Słuchałam uważnie i posłusznie, bo jeszcze nie widziałam Cheeky Elfa tak na mnie wściekłego.
Następnie przyznałam mu, że pomysł jest świetny i przez kilka dni intensywnie nad nim pracowaliśmy. Już niedługo dowiecie się co dla Was przygotowaliśmy! ;)

środa, 11 maja 2011

Dzień autora książki cz.2

Czas na kontynuację posta sprzed dwóch dni! :)

Internet to dobre źródło informacji, ale moim zdaniem - wcale nie najlepsze. Zdarza się, że przez calutki tydzień dokładnych poszukiwań nie mogę znaleźć tego co szukam. Co wtedy robię? Idę do biblioteki i buszuję wśród książek w poszukiwaniu odpowiedzi na pytanie, dopóki nie znajdę. Mam szczęście, że mój przyjaciel Cheeky Elf często mi pomaga... bez niego nie zawsze dałabym sobie radę ;)

Dobra, wyobraźmy sobie, że znaleźliśmy już tego co szukaliśmy. Pytanie: co dalej? Nie zapominajmy, że pisarz ma też dobre i złe dni!
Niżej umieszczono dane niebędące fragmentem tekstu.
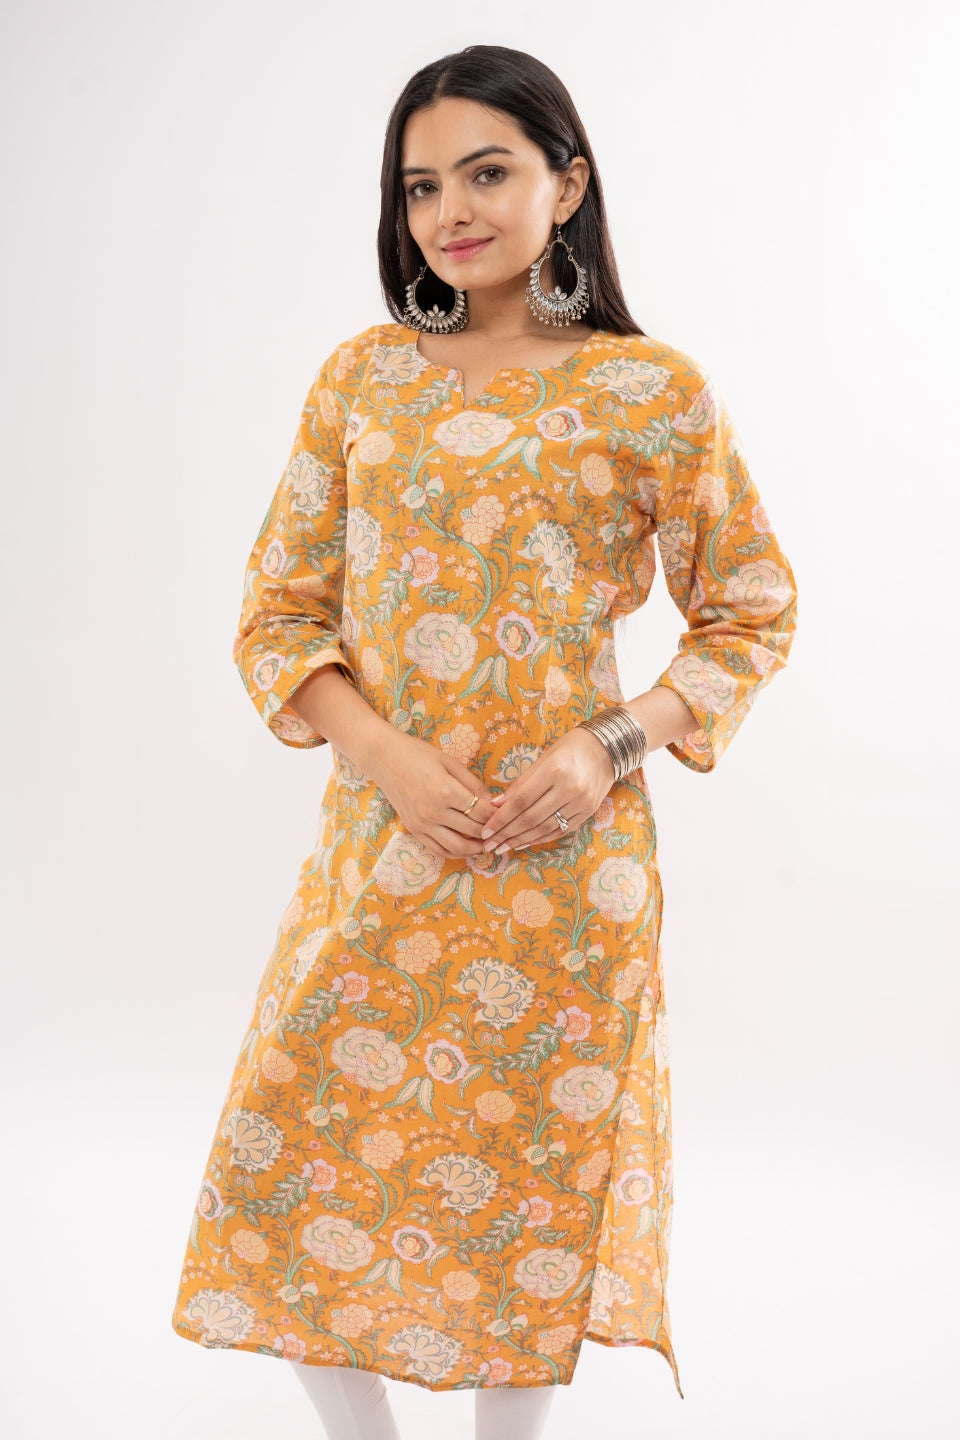 Ekisha women's cotton yellow printed straight floral kurta kurti round neck, detailed side view

Ni z tego ni z owego, autor książki zostaje poddany próbie - pojawia się tzw. "pisarska blokada". Sądzę, że każdy to przeżywa! Nagle wszystkie pomysły legną w gruzach, a człowiek zastanawia się czy dobrze wybrał (czy nie lepiej było zostać lekarzem albo naukowcem?).

Wiem co mówię. Nadeszły dni, kiedy mówiłam stanowczo: "Nigdy więcej" i chowałam laptopa pod łóżko. Mijały dni, czasami tygodnie (raz zdarzyło się, że minęło kilka miesięcy), a ja nic nie wyprodukowałam - jednym słowem, zajęłam się przyziemnymi sprawami. Nagle - tak szybko jak nadeszła - blokada ustępowała, a mój świeży umysł zaczynał przesyłać mi dziwne wizje, obrazy, znaki (nazwijcie to jak chcecie!). Próbowałam się bronić (ciekawe dlaczego?), wmawiałam sobie, że to tylko chwilowe. Co za bzdura! W końcu nie wytrzymywałam i wyciągałam laptopa... Przygoda z pisaniem znowu się zaczynała, a ja pisałam jak opętana, spragniona potoku słów, głodna jak wilk (nazwijcie to jak chcecie!).... Wręcz, nie mogłam się oderwać od komputera - jakby złośliwy chochlik posmarował moje palce "super glue" :)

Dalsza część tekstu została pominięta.